In view of the trial court’s erroneous evidentiary rulings precluding evidence from a rebuttal witness concerning Rosa’s prior inconsistent statement and evidence concerning Filemon’s prior arrest, the question becomes whether the errors resulted in manifest prejudice so that reversal and remand are required.

Contrary to the respondents’ contentions, we do not find these errors to be harmless. It is true that under traditional rules of evidence a witness’ prior inconsistent statement is admissible only to attack his credibility and cannot be admitted as proof of the substance *714of the statement. (People v. Collins (1971), 49 Ill. 2d 179, 274 N.E.2d 77; People v. Koch (1993), 248 Ill. App. 3d 584, 618 N.E.2d 647; see generally 1 J. Strong, McCormick on Evidence § 34, at 113 (4th ed. 1992).) Although the prohibited testimony of Matthews-Huizar went to Rosa’s credibility, it was Rosa’s credibility that played a key role in the trial court’s decision to dismiss the petitions for adjudication of wardship. Matthews-Huizar’s testimony that Rosa said she recanted her statement to the police because she did not want to hurt her father directly contradicted Rosa’s in-court testimony that she recanted her statement because it wasn’t true and because the statement to the police was made in order to obtain family counsel-ling. The prior inconsistent statement would have been significant in judging Rosa’s credibility of her in-court testimony with which the previous statement is inconsistent. See 1 J. Strong, McCormick on Evidence § 34, at 114 (4th ed. 1992).
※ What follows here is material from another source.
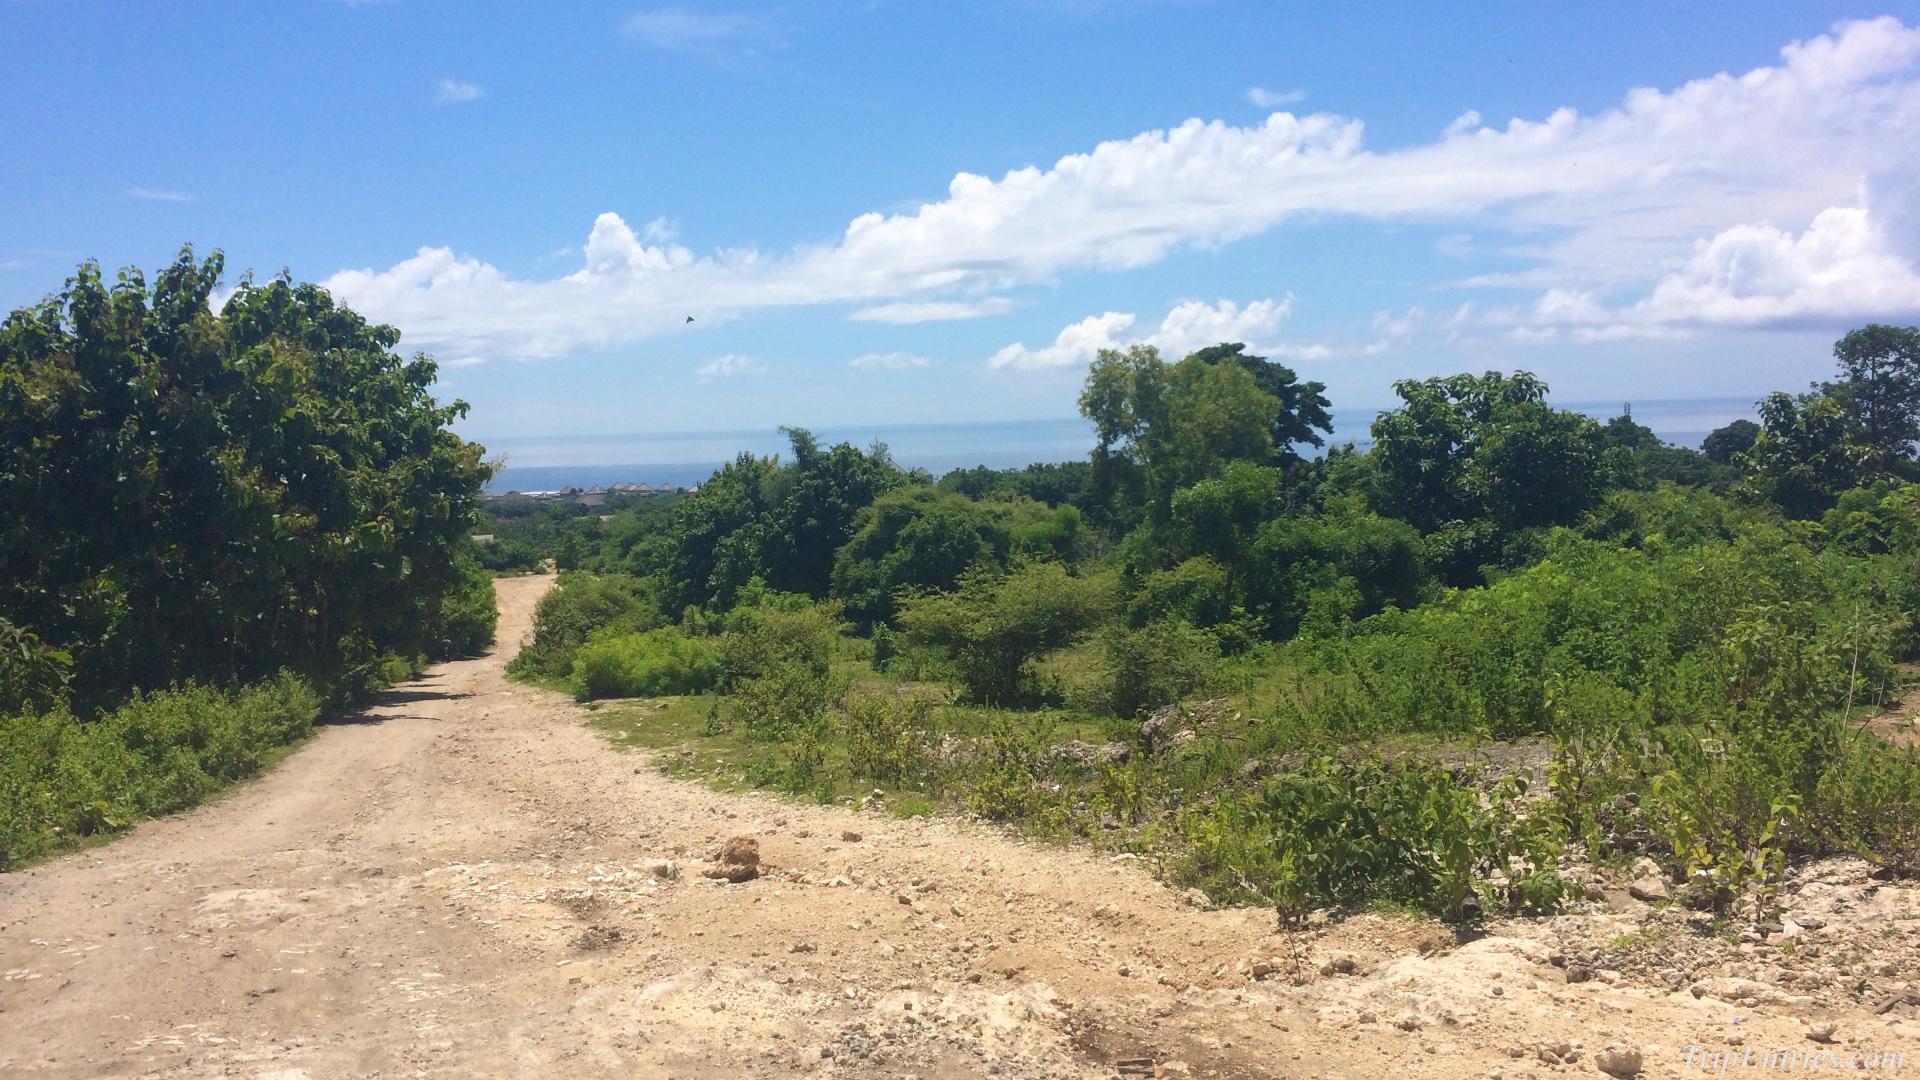 Поездка на Букит: Geger Beach, Pantai Pandawa beach

Similarly, evidence refuting Filemon’s direct testimony that he had never been arrested before and that he did not think he would be arrested when he gave his statement to the police would have been influential in weighing Filemon’s in-court testimony and refuting his admission as well as evaluating the impact of his out-of-court admission. That testimony included denials by Filemon that he understood the questions posed to him by the police; and that testimony contradicted testimony by the State’s witnesses, Detective Stutzman and Doctor Grajeda, that Filemon admitted to them that he committed the acts alleged by Rosa. Since the trial court found a lack of "sufficient corroboration of Rosa’s hearsay statements” (see 705 ILCS 405/2 — 18(4)(c) (West 1992)), the court obviously disregarded Filemon’s prior admissions, which were highly damaging, believing instead that his in-court testimony was more credible.
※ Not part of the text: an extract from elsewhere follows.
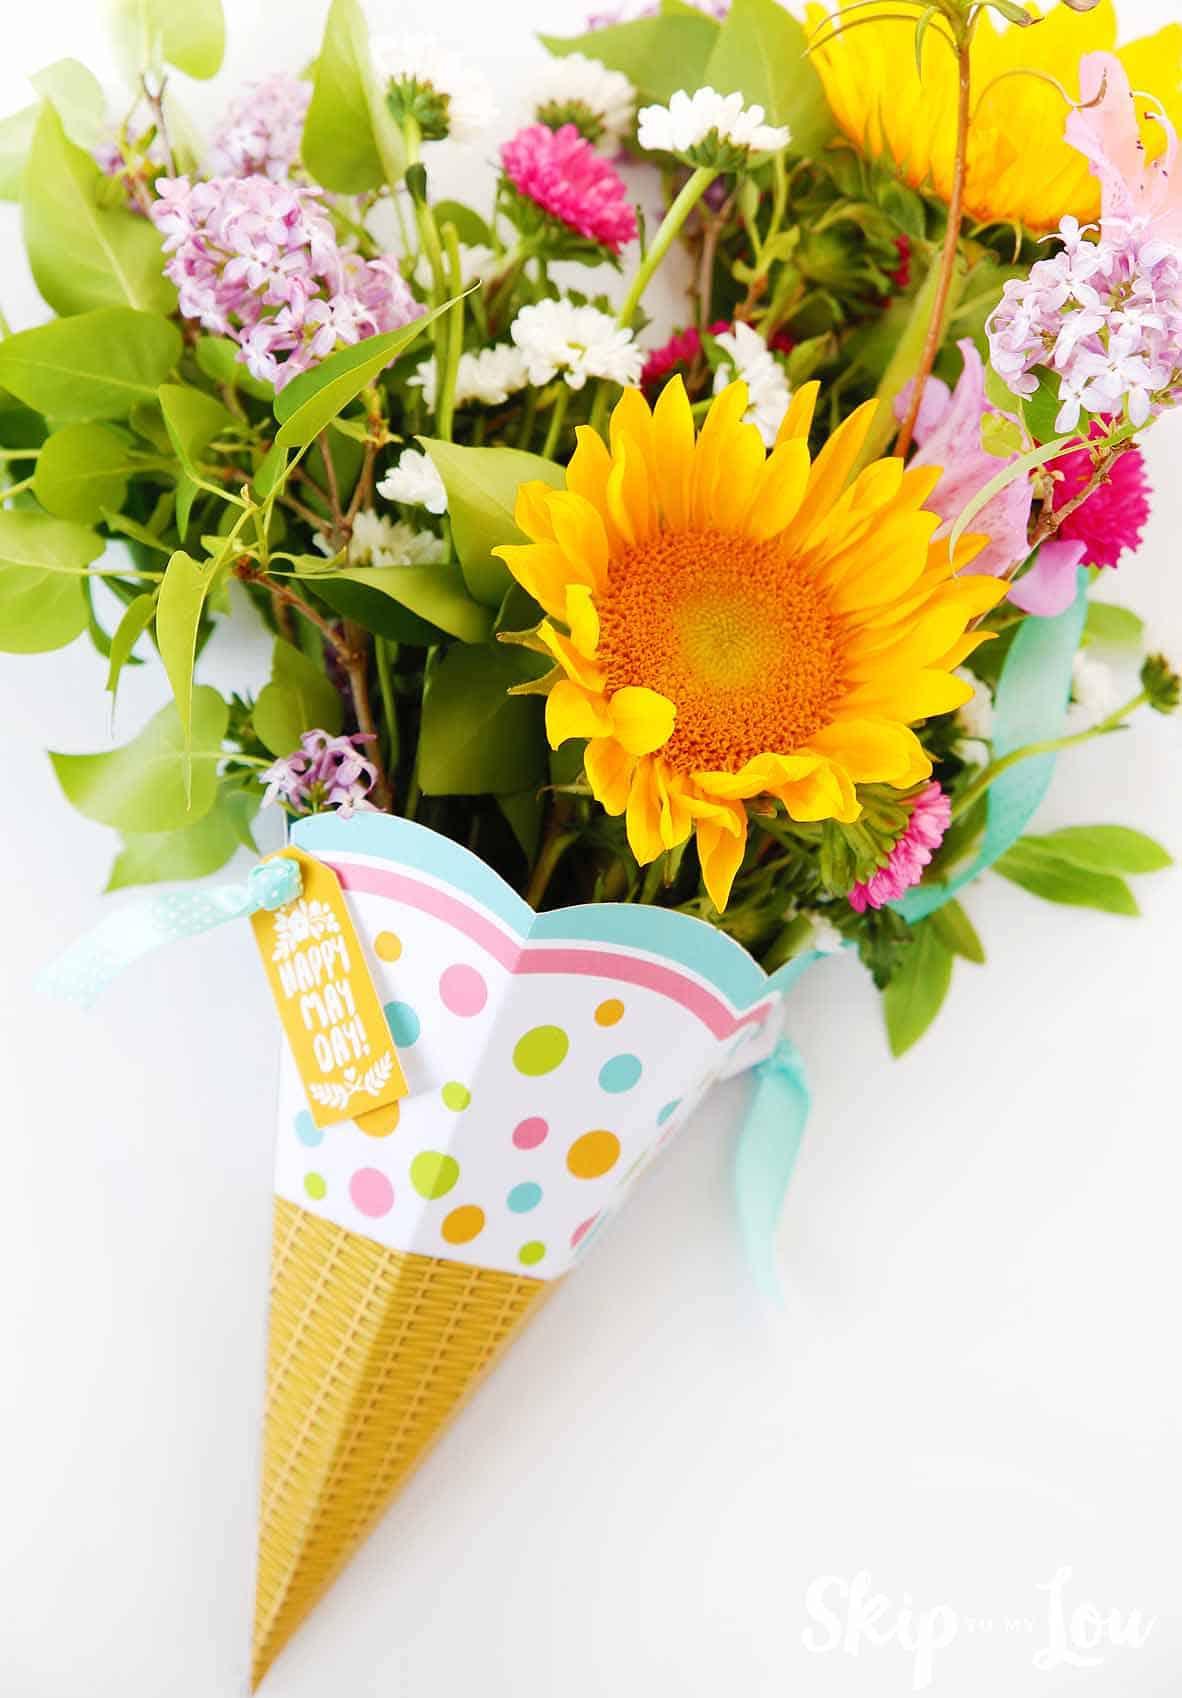 Free Printable May Day Basket | Skip To My Lou

The evidence in the instant case consisted of prior statements and admissions which were repudiated and denied at trial. A determination of the credibility of the witnesses was critical to the resolution of the conflicting and contradictory evidence. Exclusion of testimony crucial to that credibility determination constitutes reversible error. (See People v. Collins (1985), 106 Ill. 2d 237, 478 N.E.2d 267; People v. Hosty, 146 Ill. App. 3d 876, 497 N.E.2d 334.) Therefore, a reversal and remand are required.

In view of the reversal and remand, we need not address the petitioners’ third argument that the decision to dismiss the petitions for adjudication of wardship was against the manifest weight of the evidence.

For the foregoing reasons, the judgment of the circuit court of *715Cook County is reversed and the cause is remanded for further proceedings consistent with this opinion.

Reversed and remanded.

McNULTY and T. O’BRIEN, JJ., concur.